From the evidence adduced in this case, the Claimant was placed on suspension and the suspension was not reversed nor was the Claimant paid his salary during the period of suspension until his appointment was terminated. The suspension, from the face of Exhibit A7 was in September, 2012 whereas the termination was in February, 2014. For these periods, Claimant was on zero salary. The Defendant argument is that from the provision of Exhibit B which is the Human Capital Manual, during suspension, an employee is not entitled to payment of wages.

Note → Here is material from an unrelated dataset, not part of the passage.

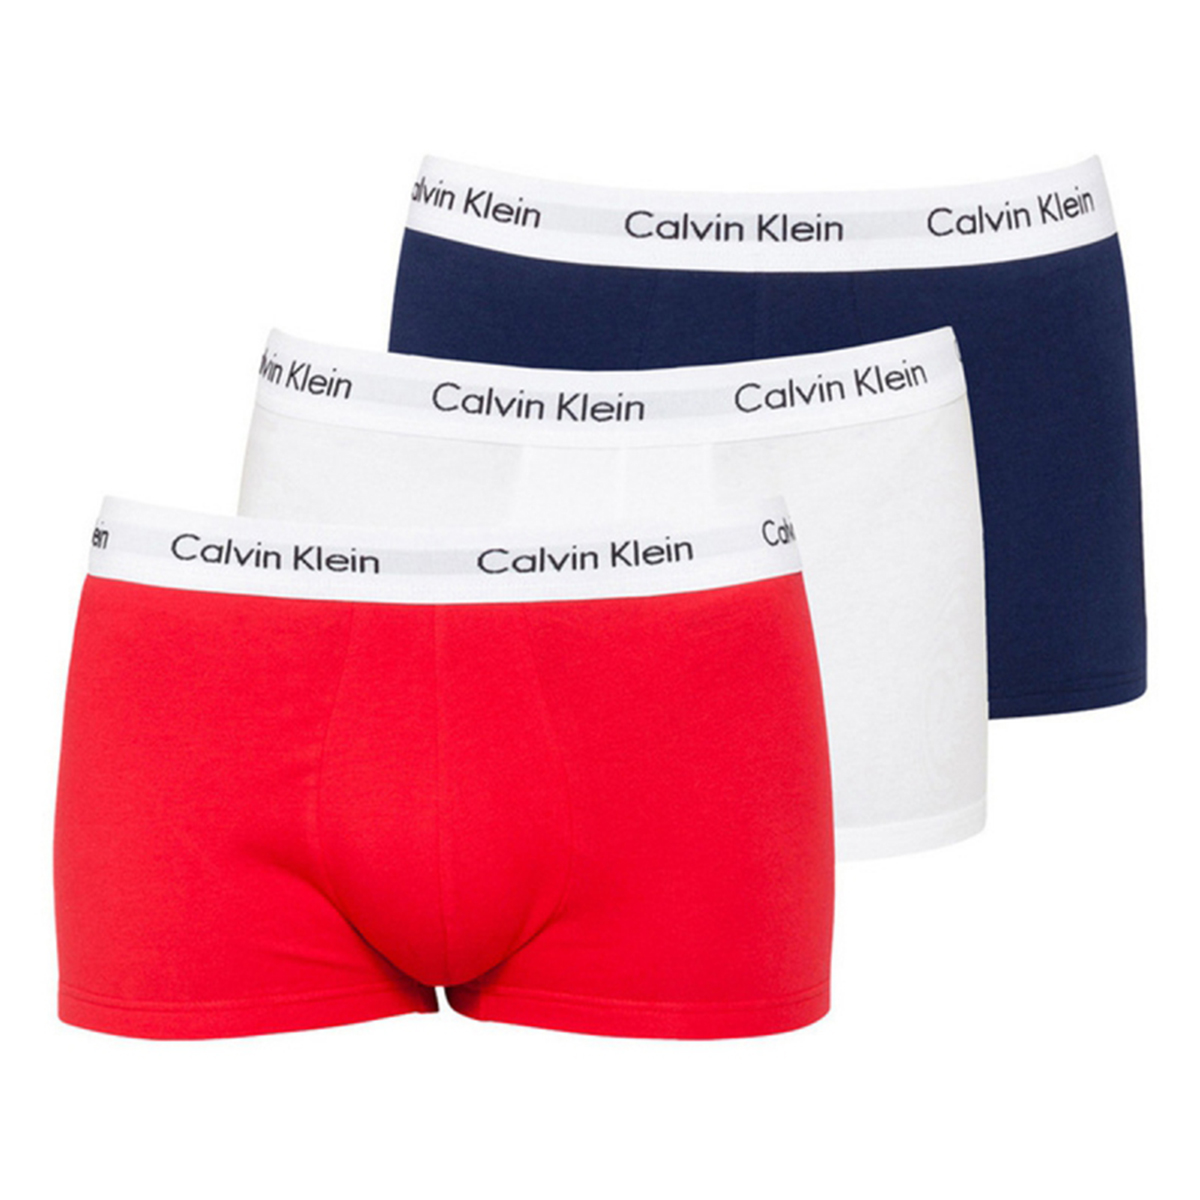 calvin-klein-boxerky-3pack-cervena-bila-modra

Flowing from the above, this Court will like to address the issue of payment of basic salary and payment of bonuses/allowances separately. On payment of basic salary, I think the draftman of rules and regulations like the Human Capital Manual should acquaint himself with the revolving labour laws and Court decisions on same to be properly guided in drafting rules and regulations of this nature. This Court does not encourage the practice of zero salary during the period of suspension. Rather, what this Court encourages is, at worst, the person suspended should be placed on half salary pending when the suspension is lifted. A suspension does not terminate an employment. Rather, the employment subsists. To say that a person placed on suspension is not entitled to his salary is tantamount to saying that the suspension has already terminated his employment. There are three (3) basic needs of man besides his spiritual need. They are food, shelter and clothing. When a person/employee is placed on suspension, his rents, feeding, clothing and responsibilities towards his family do not go on suspension. He needs the basic salary to take care of his basic needs, and I so hold. In this regard, the provision of the Human Capital Manual on zero salary during suspension, inasmuch as such provision is unreasonable, offensive and inimical to the very tenet of justice is null, void and of no effect whatsoever.
Granted, Court does not meddle in agreement freely entered by parties. In the same vain, the law is trite that Court cannot enforce illegality nor can it enforce an unlawful contract. It is in this vain that the Court cannot sustain the provision of the Human Capital Manual being an unlawful provision.
Consequently, this issue is resolved in favour of the Claimant.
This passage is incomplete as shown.